▶ [Source data]:
***
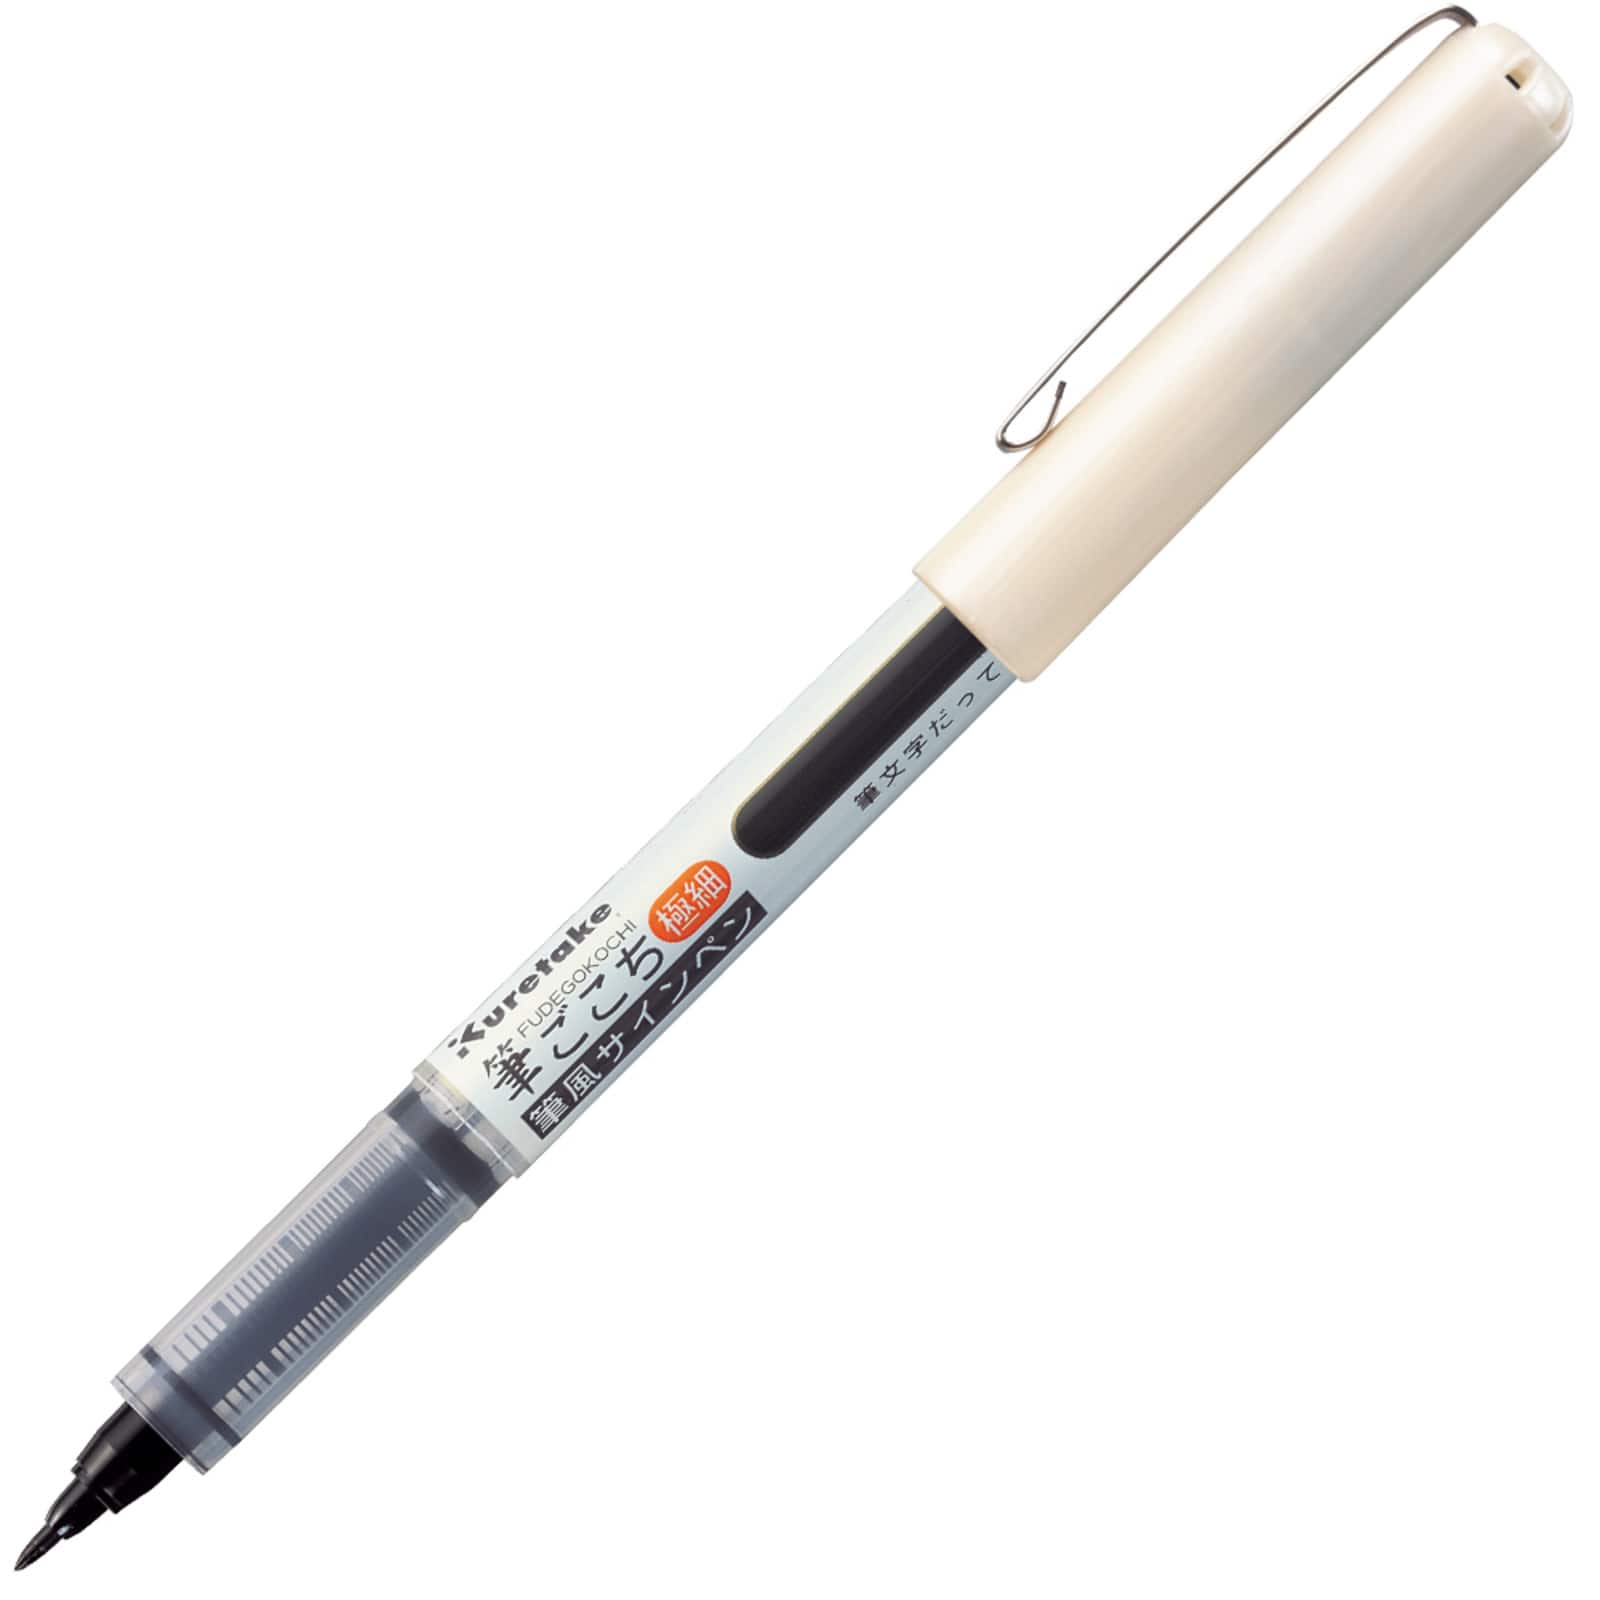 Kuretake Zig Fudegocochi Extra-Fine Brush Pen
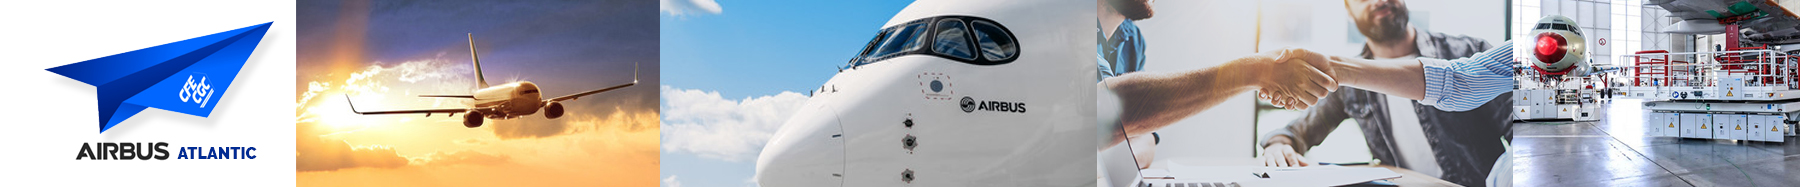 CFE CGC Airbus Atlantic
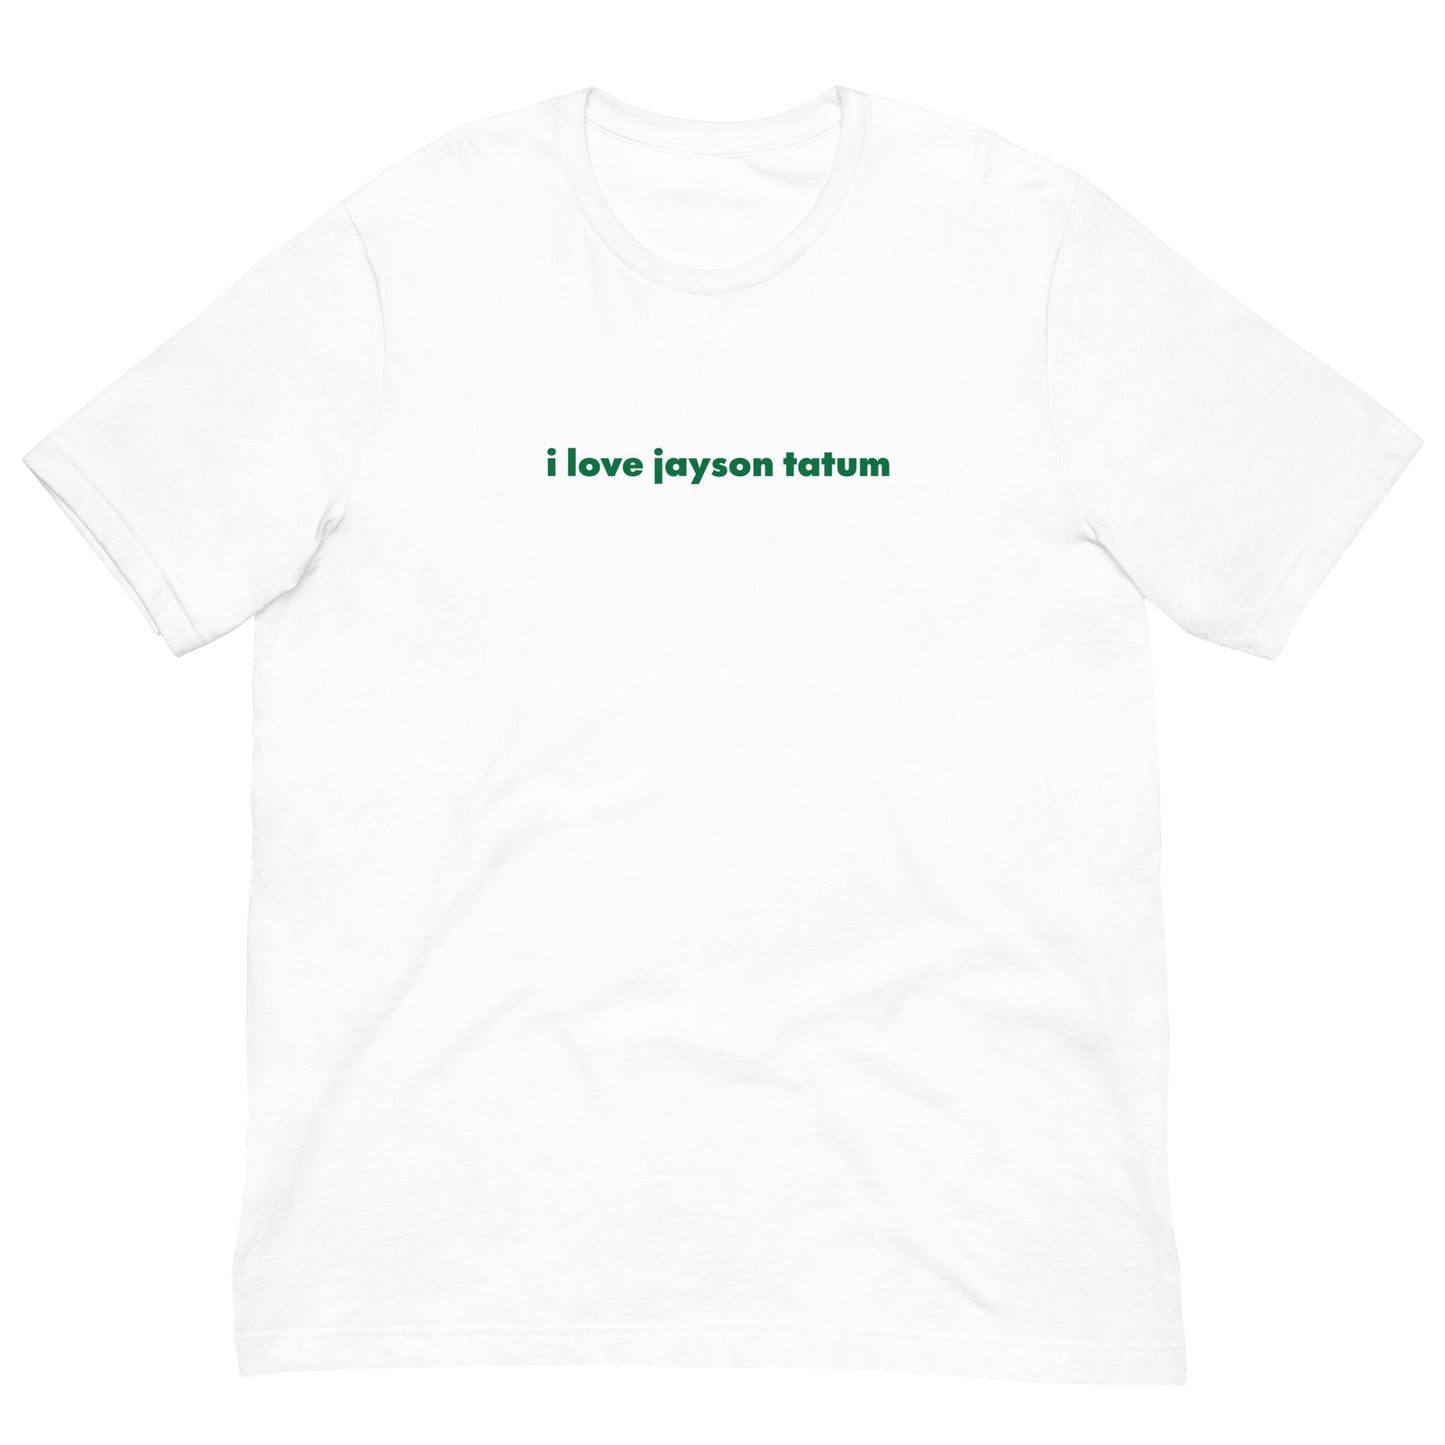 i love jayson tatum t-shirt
***
▶ [Task statement]: When an image appears in the data, skip it and output the rest exactly.

▶ [Answer below]:
 Kuretake Zig Fudegocochi Extra-Fine Brush Pen
 CFE CGC Airbus Atlantic
 i love jayson tatum t-shirt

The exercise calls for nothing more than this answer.